Once they had settled in a booth identical to the one they’d sat in before and placed their order, Alice got the business part of the meeting going. “So, how did KRG decide to engage my invaluable services?”

“You went to high school with Joe Passapera, one of our consultants with a specialty in finance.” Derek leaned back against the red vinyl banquette. “He was two years ahead of you.”

“Good old Joe. I remember him fondly,” Alice joked, although she had no recollection of having ever crossed paths with him. “I think we went to prom together.”

Derek chuckled, a rich, deep sound that she wanted to bathe in. “Was he a good dancer?”

“He was fine on the fast dances but he just wanted to sway back and forth during the slow ones.”
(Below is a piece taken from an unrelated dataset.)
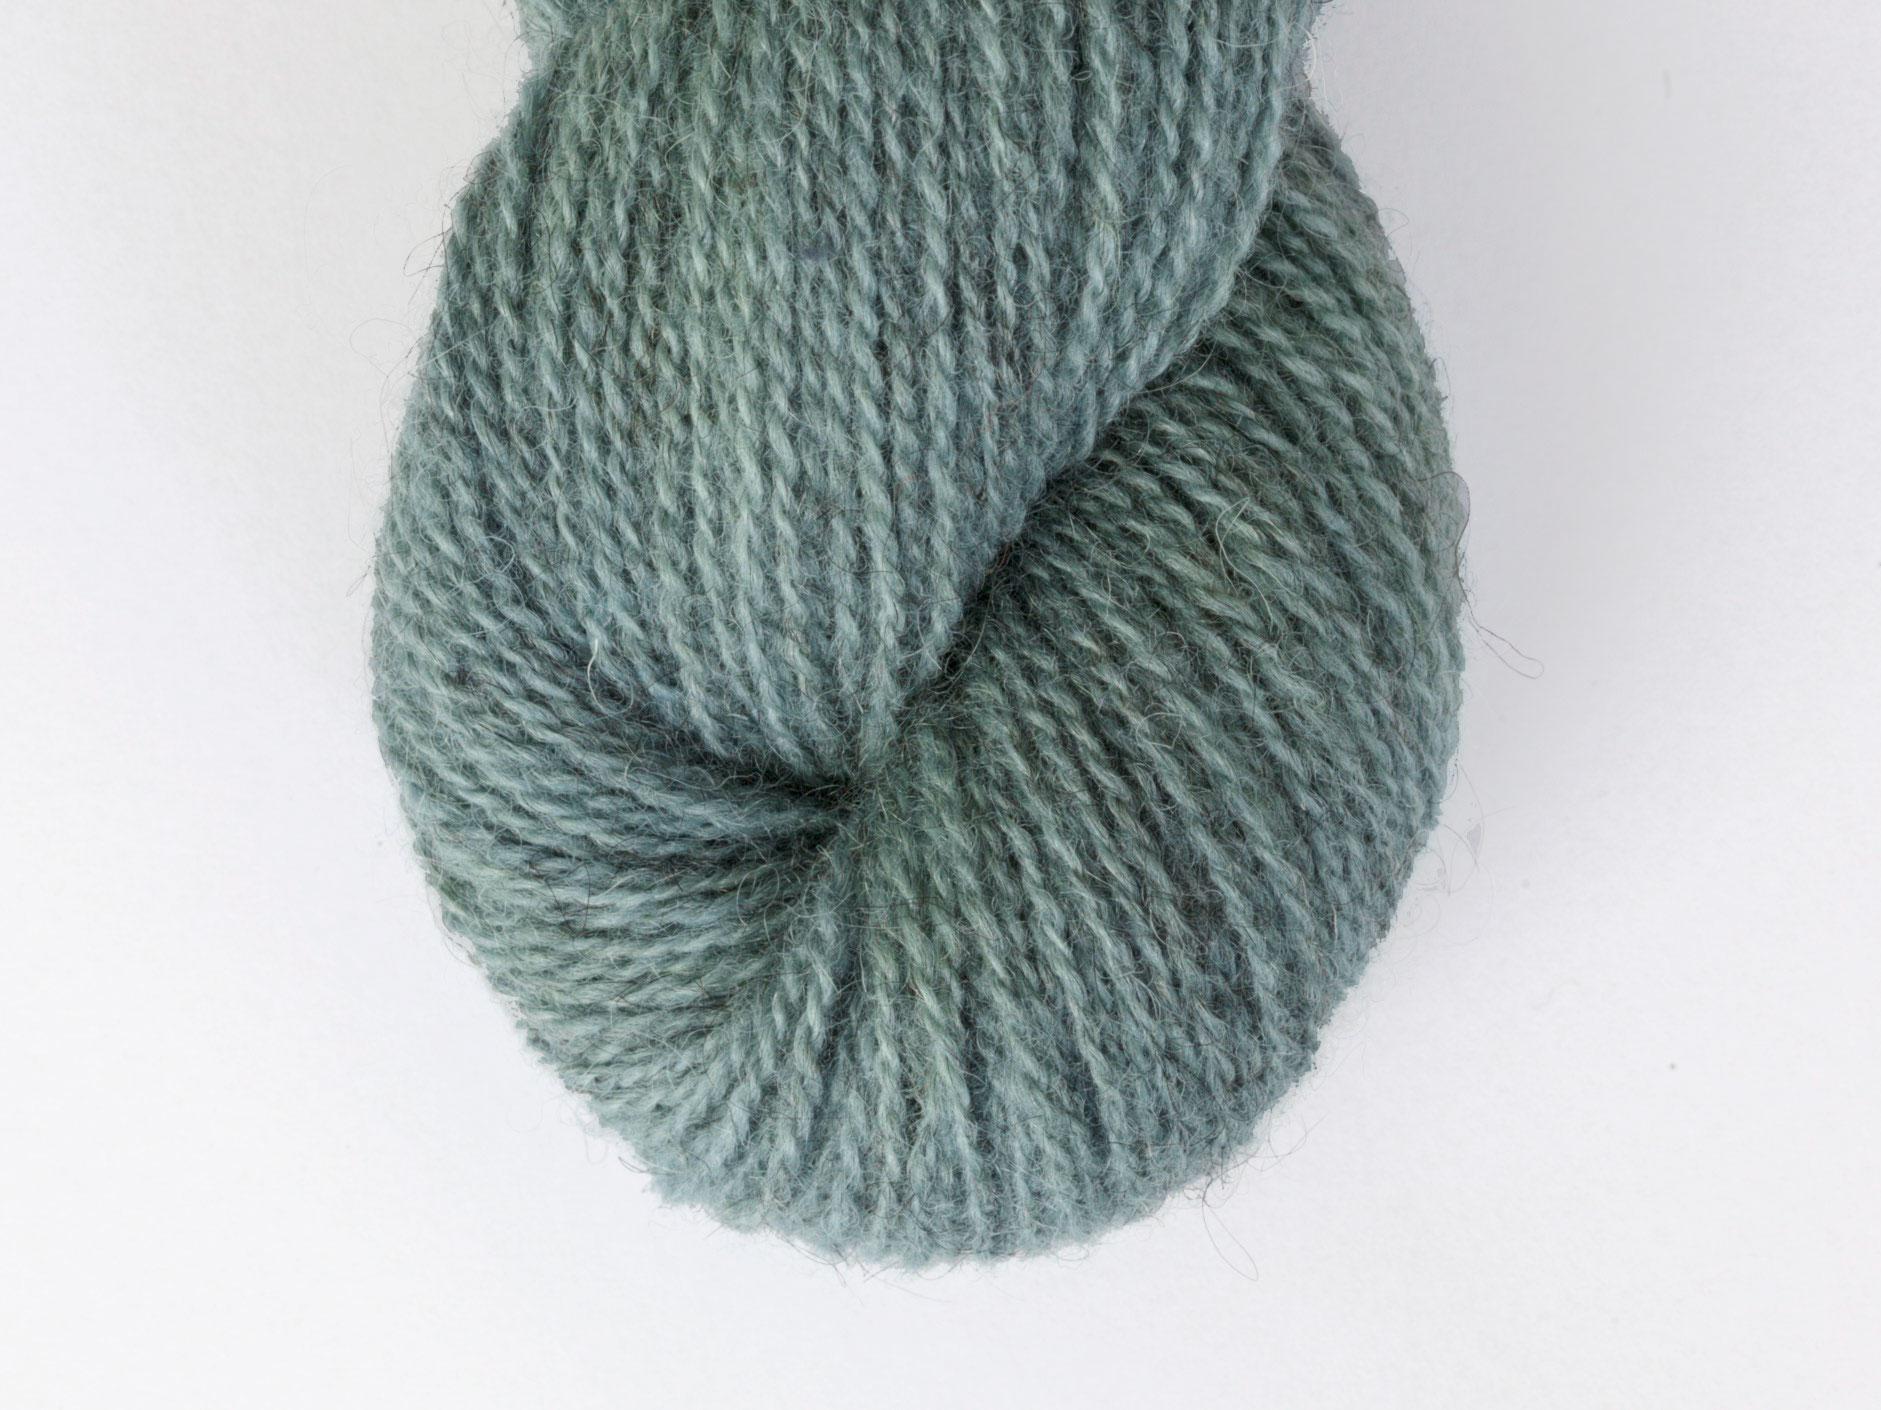 Bohus Stickning garn yarn BS 68 turquoise

“What teenage boy doesn’t? Dancing is a vertical expression of a horizontal desire.” His eyes were smoky with innuendo.

She nearly asked Derek if he’d like to dance right there in the middle of the diner’s black-and-white-tile floor because her desire was getting more and more horizontal. “Did Joe and I keep in touch after high school?” she asked instead.

Derek looked a little disappointed at her refusal to flirt with him. “He’s going to email you his CV and a current photo so you can figure that out.”

She searched her memory again before she shook her head. “I’m surprised we didn’t overlap in math club, but I don’t remember Joe at all.” She took a deep breath. “So I guess you saw the pattern in my childhood activities.”

“I didn’t look at your background.” She felt a slash of disappointment at his lack of interest until he continued. “That was confidential information between you and HR.”

So he had respected her privacy. But she’d brought it up so she said, “It isn’t a secret.” She pulled out her phone and scrolled to the email with the listing of dates, schools, organizations, and activities before handing him her phone.

His fingertips brushed hers and a spark of awareness jumped between them. She could tell he felt it by the way that his attention locked on her before he turned it to the small screen. As he scanned the collection of ballet classes, tennis lessons, camps, and schools, the waitress arrived and slid their plates onto the table with practiced efficiency. The aroma of grease, beef, and fries made Alice salivate.

Derek murmured a distracted thank-you as he scanned her phone. When the waitress left, he glanced up. “You mentioned that your family’s financial status, er, changed often.”

“Very politely said. My stepfather has never believed in working nine to five. Even worse, he believes he’s smarter than everyone else so he always had a can’t-lose deal based on information from an inside source. They were generally disastrous.” Like the one that had wiped out her college fund.

“But every now and then he succeeded and you got the private camp and the figure skating lessons.”

“And then got yanked out of them. It was humiliating so I found the most dependable profession I could.”

“And now you need the numbers to always add up.”

He got it, as she’d known he would. That was what made him so dangerous. Not his physical perfection or the sexual pull between them, but the understanding.